Why is all this potentially problematic? Because not all presidents are crooks like Richard Nixon. Consider the following hypothetical drawn from Akhil Amar’s essay on the Nixon case:

On [Chief Justice] Burger’s logic, essential and wholly proper (but politically sensitive) conversations in the Oval Office [are] entitled to less legal protection than conversations between spouses or between attorneys and clients. For example, suppose the President is considering whether to appoint Jane Doe to some high post. This is a key part of his job, as specified by the Constitution’s Article Appointments Clause. Aides brief the President on possible dirt on Doe, her friends, and family, reporting both facts and rumors. This information might bear on Doe’s fitness and also might come up in the press or in a Senate confirmation. For the President to do the job the Constitution assigns him, it is necessary and proper—indeed imperative—that he receive this confidential information. But the Tapes Case, if we take its logic seriously, suggests that any county prosecutor in a state criminal case . . . could subpoena this conversation in a lawsuit designed to embarrass Doe and/or the President. If so, aides will hesitate to tell the President what he needs to know to do his job.

Nor does the fact that courts can review information privately (in camera) provide much protection in an era where leaks are to be expected in virtually every politically charged setting.

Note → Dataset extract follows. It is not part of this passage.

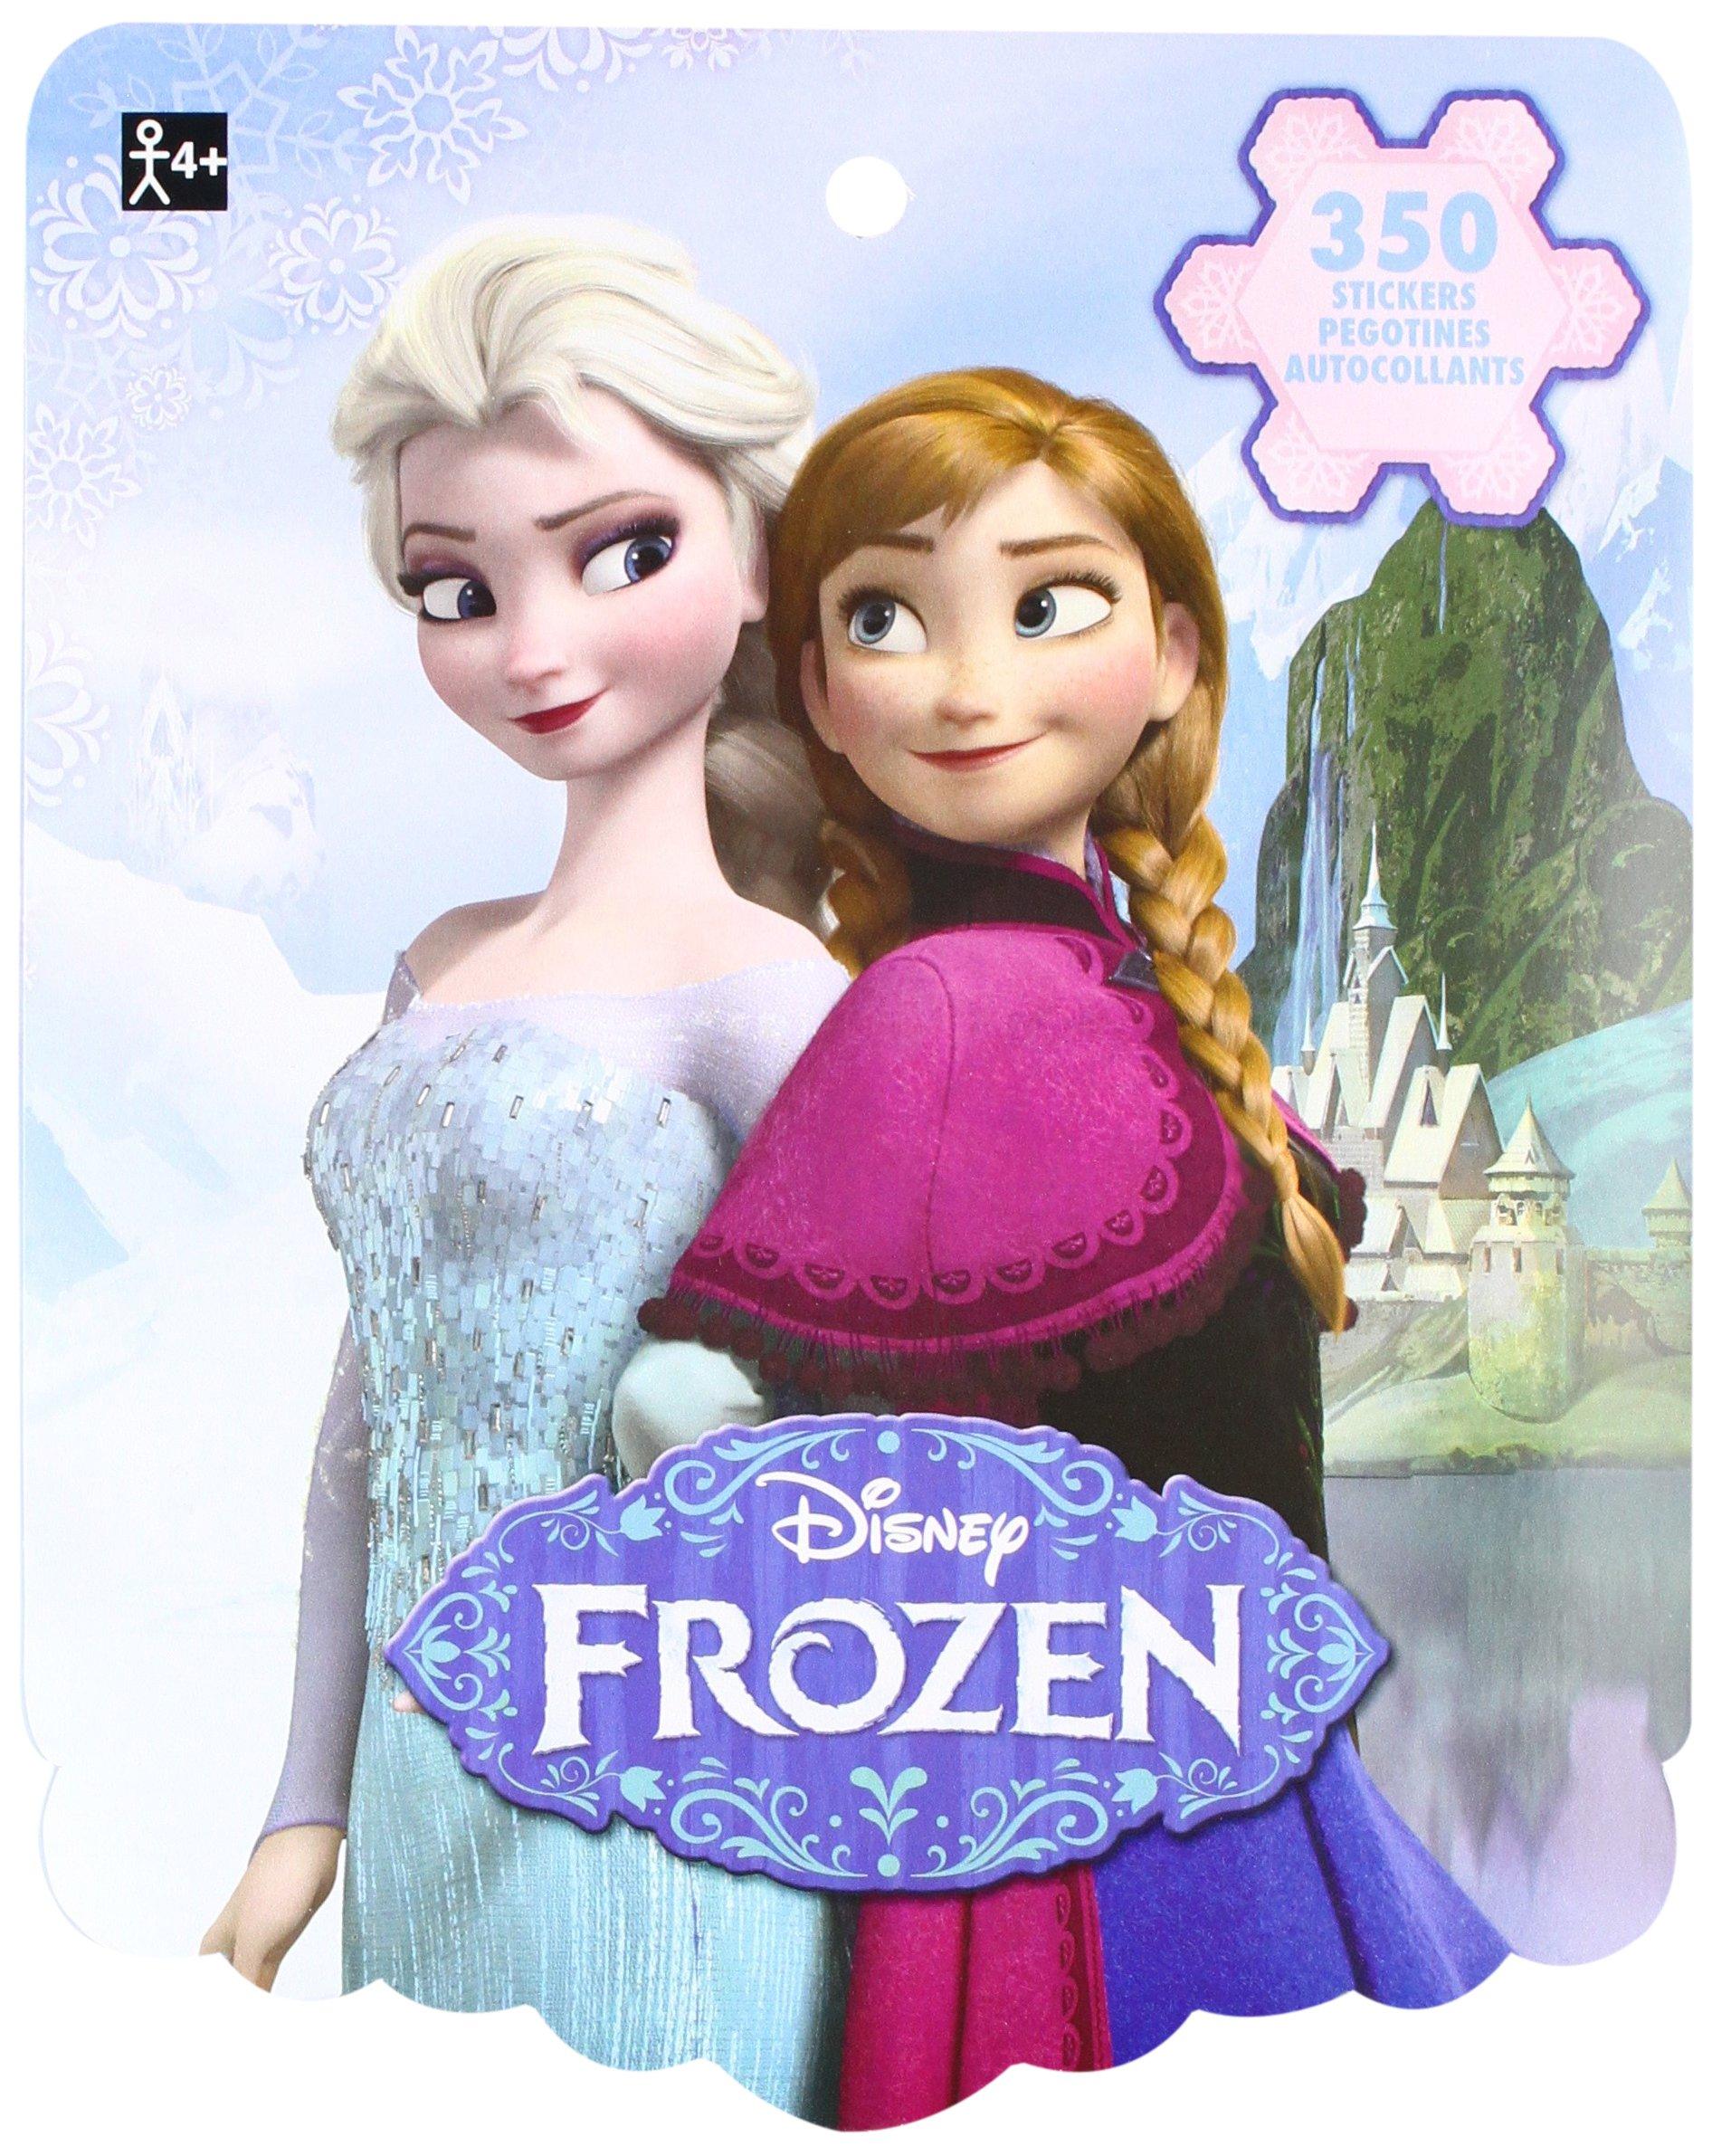 Amscan Disney Frozen 8-Sheet Sticker Book Favours, Paper, 10'' x 8'' Childrens-Party-Favor-Sets, 3000 Pieces

To be sure, a key component of the rule of law is that no one person (even a president) is above the law. But another aspect of the rule of law is that the generally applicable rules of law (legal doctrine) should not be crafted with one personality in mind. By adopting a set of rules that fails to adequately protect presidential communications for presidents who have committed no crimes—rather than explaining why a robust presidential privilege ought not to protect Mr. Nixon in particular because of the evidence of his own criminality that had already been adduced—the Nixon Court distorted the larger doctrine in a way that still haunts us today.